The aTbRef update and pointers upthread are great. Not sure if permissions are needed for a script stored in a TB code note... I didn't set any because I didn't know any better, and it still workedSmiley. Still puzzling through what the ruby code might be for use with only one runCommand() call.

I marvel at how the two approaches for extracting #hashtags and @mentions are both real champs in doing something pretty hard for someone without a technical background to do elsewhere.

Though some Unix smarts (and expert advice) are needed for the ruby solution, the amazing thing is that in the end it boils down to a "simple" line of Tinderbox action code paired with a line of ruby code.

Unfortunately, some things that are (relatively) easy on the command line in Terminal become daunting in runCommand().
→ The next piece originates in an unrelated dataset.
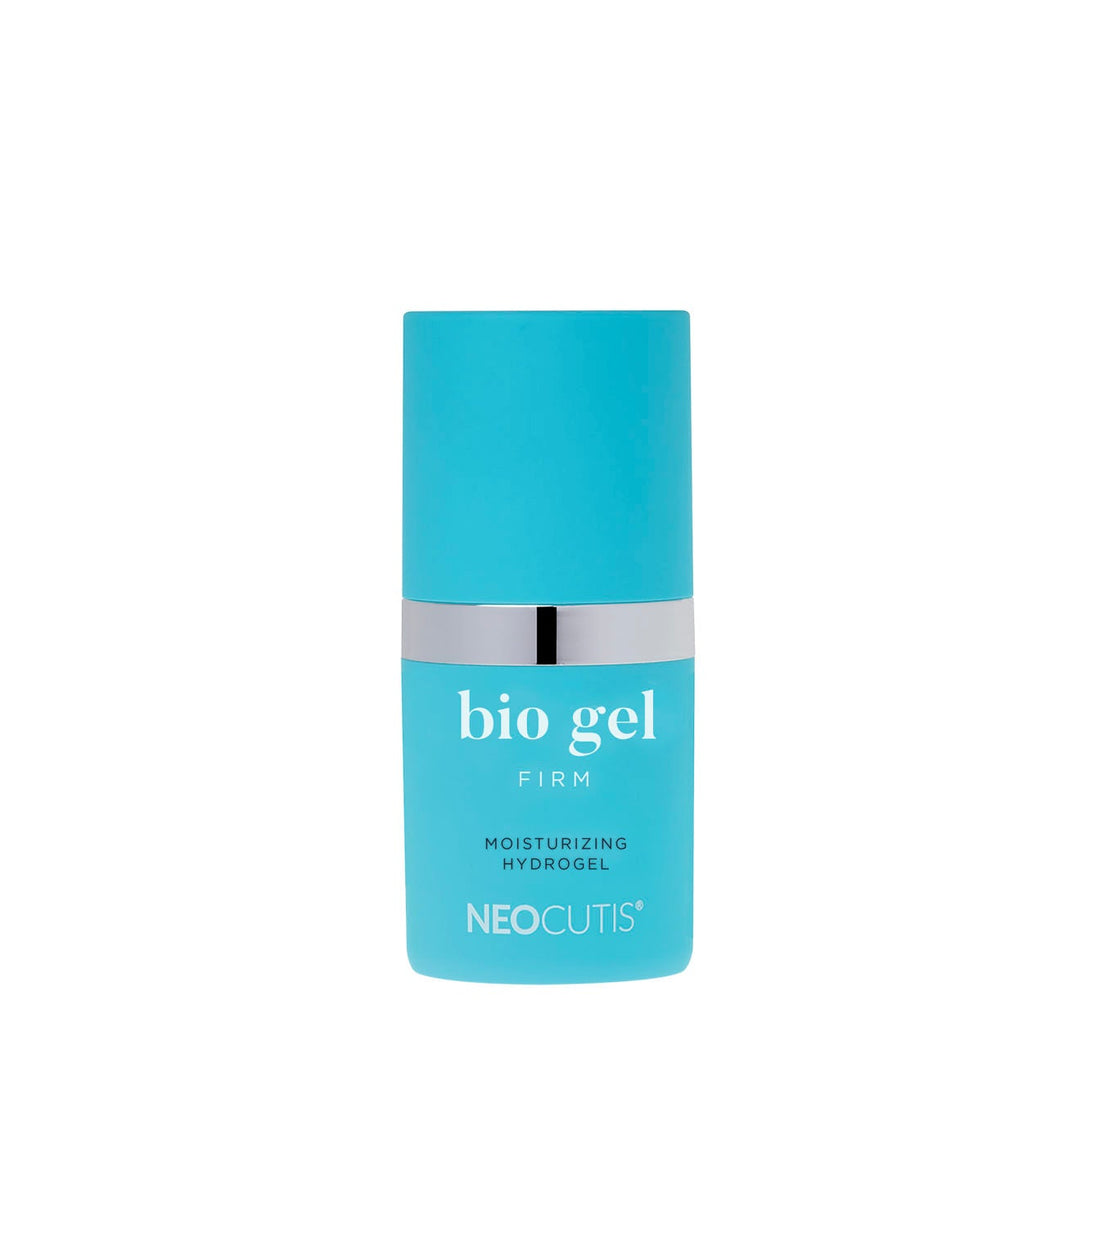 Bio Gel FIRM - The Look and Co

It seems that osascript, for example, will only accept parameters as command line arguments, not as STDIN, resulting in quoting headaches in runCommand(), no matter whether the script itself is stored inside TB or outside TB.

And what to do if there is more than one attribute's value (not just one as we have here) to pass to Ruby? Is there a not-too-painful way to send more than one Tinderbox attribute via STDIN and have a script pick them up as separate parameters?

BTW, my understanding is that the -e option with osascript is supposed to be used before each line of code something like osascript -e 'first line' -e 'second line' ... on the command line. But, happily, "only one -e" works when running a multiline AppleScript stored in a Tinderbox code note with something like this:

Code:
runCommand("osascript -e '"  +$Text("MyAppleScriptCodeNote") + "' '" + $MyTbAttr1AsArg1+"' '"+$MyTbAttr2AsArg2+"'") 


 
Perhaps the ruby -e is similar?
Back to top
 
« Last Edit: Feb 1st, 2013, 4:42pm by Sumner Gerard »  
  IP Logged
Mark Anderson
YaBB Administrator
*
Offline

User - not staff!

Posts: 5689
Southsea, UK
Re: Extracting #hashtags and @mentions
Reply #17 - Feb 1st, 2013, 6:14pm
 
Quote:
Still puzzling through what the ruby code might be for use with only one runCommand() call.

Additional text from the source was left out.